Webcast Presents Second Annual FAIR Health Indicators and Index

On May 14, FAIR Health President Robin Gelburd hosted a webcast on the second annual edition of two FAIR Health resources, FH Healthcare Indicators® and the FH Medical Price Index®. Entitled “FH Healthcare Indicators and FH Medical Price Index 2019: Continuing Clarity in a Rapidly Changing Environment,” the webcast attracted numerous attendees from throughout the healthcare sector, including payors, providers, consultants, researchers and government officials.

The webcast began with FH Healthcare Indicators, which analyze utilization and cost trends in retail clinics, emergency rooms (ERs), urgent care centers, telehealth and ambulatory surgery centers (ASCs). “FH Healthcare Indicators pull back the curtain on the major transformation underway in the healthcare industry in terms of where consumers are accessing care,” said Ms. Gelburd.

Among the findings Ms. Gelburd reported:

  • From 2016 to 2017, ER utilization fell 10 percent in rural areas, 1 percent in urban areas and 2 percent nationally.
  • In 2017, utilization of urgent care centers was highest in those aged 31 to 40, with high rates also seen in those aged 23 to 30 and 41 to 50.
  • The median charge amount in 2017 for CPT®1 99203, a 30-minute new patient office or outpatient visit, ranged from $213 in an urgent care center to $207 in an office to $129 in a retail clinic.
  • The number one reason individuals used telehealth in 2016 was “mental health reasons,” but this dropped to the fifth largest diagnostic category in 2017, with injuries at number one.
  • Although more claim lines were submitted for females than males in all adult age groups in ASCs in 2017, the reverse was true in the pediatric age range (0-18).

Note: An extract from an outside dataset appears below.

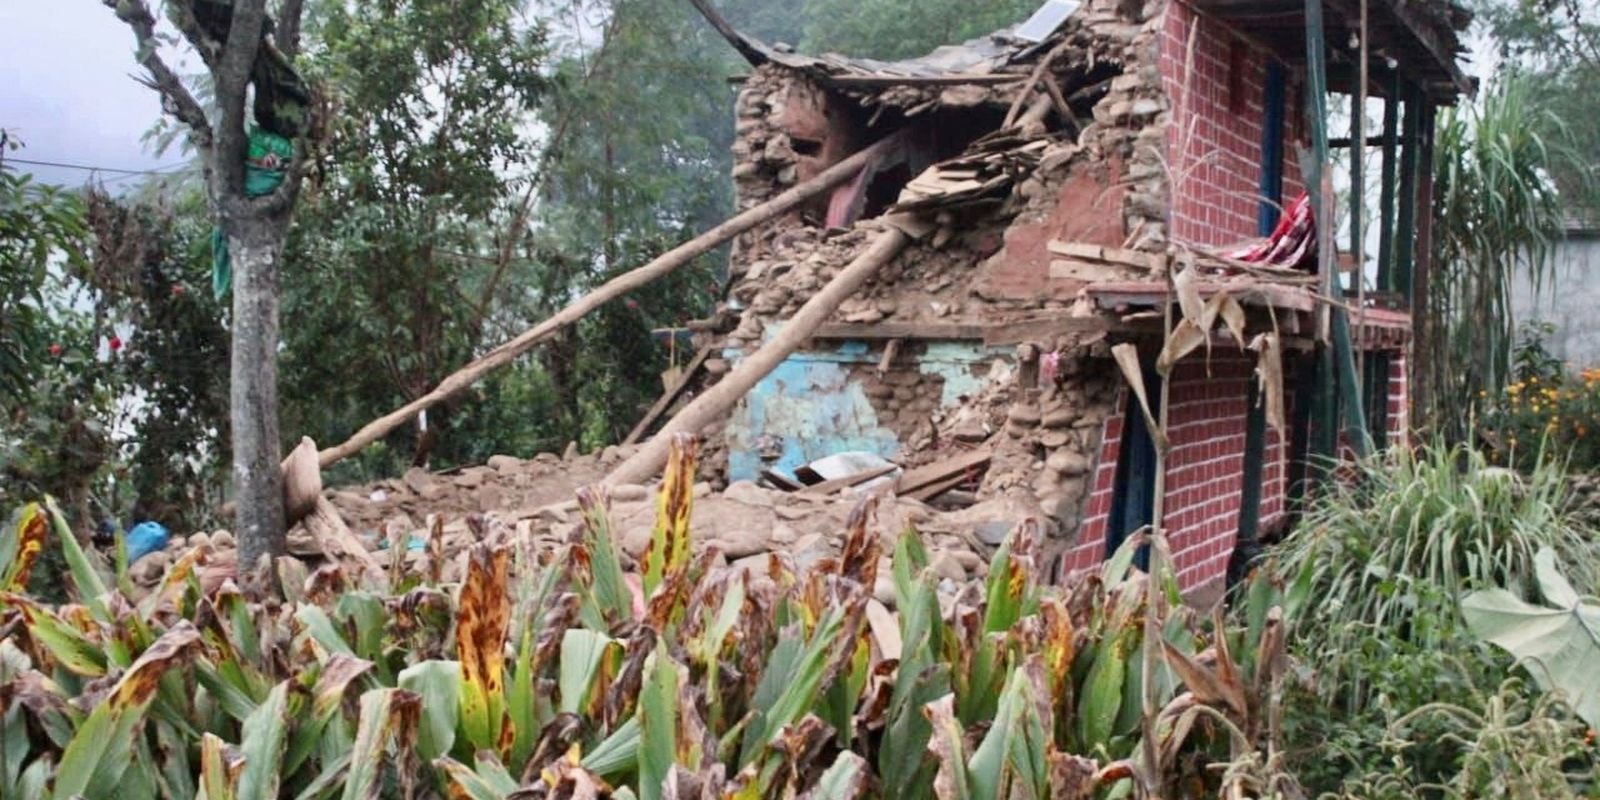 Equipes trabalham para encontrar sobreviventes em terremoto no Nepal

Ms. Gelburd then presented the FH Medical Price Index, which tracks average median charge and allowed amounts for six medical procedure categories: professional evaluation and management (E&M), hospital E&M, surgery, pathology and laboratory, medicine and radiology. “The indices allow you to come on a journey into our billions of claims and see movement in the healthcare sector that can inform, justify or amend different courses of action,” said Ms. Gelburd.

Ms. Gelburd showed that charges for hospital E&M services had risen at a faster rate from May 2012 to November 2018 than those for professional E&M services. The hospital E&M charge amount index increased from 1.00 to 1.40, while the professional E&M charge amount index increased from 1.00 to 1.28.

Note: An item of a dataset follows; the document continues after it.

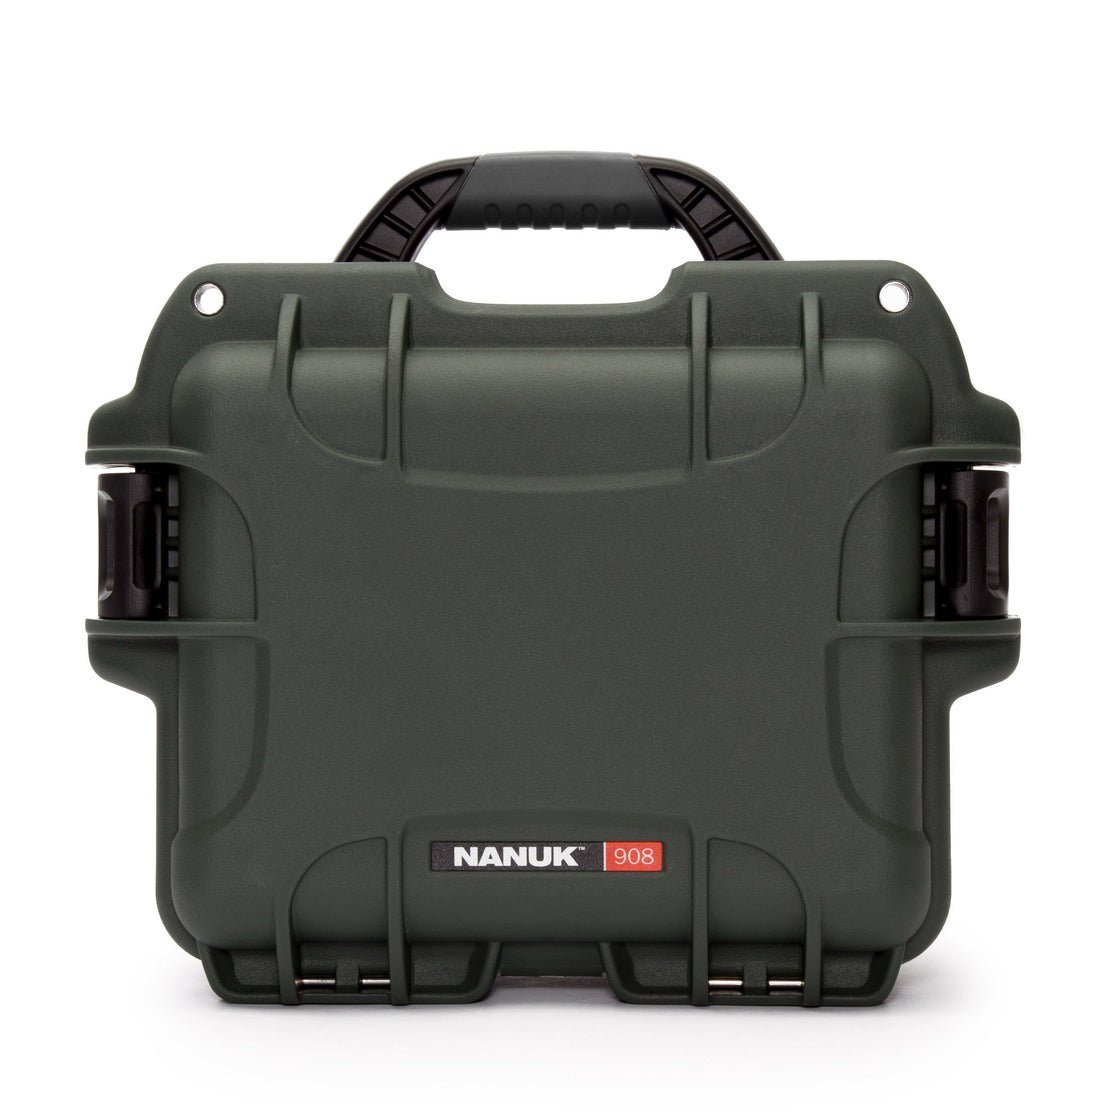 nanuk 905 waterproof hard case orange

Both indices increased more than Consumer Price Index (CPI) Inflation and Medical Care Inflation rates for that period, as tracked by the US Bureau of Labor Statistics. In contrast, the charge increases in surgery and radiology were lower than CPI Inflation. The charge increase in pathology and laboratory was higher than CPI Inflation but lower than Medicare Care Inflation; the charge increase in medicine tracked closely with Medical Care Inflation.

“We look forward to having these healthcare indicators and indices add further understanding to this complex healthcare environment,” said Ms. Gelburd.

The two resources are available free in the form of a recently published white paper. In addition, FAIR Health makes available customized indicators and indices that offer specific data subsets (e.g., based on clinical category, geographic region, time period) of particular interest to stakeholders. For more information, email us at info@fairhealth.org or call us at 855-301-3247, Monday through Friday, 9 am to 6 pm ET.

To view the free, archived webcast, click here.


1. CPT © 2018 American Medical Association (AMA). All rights reserved.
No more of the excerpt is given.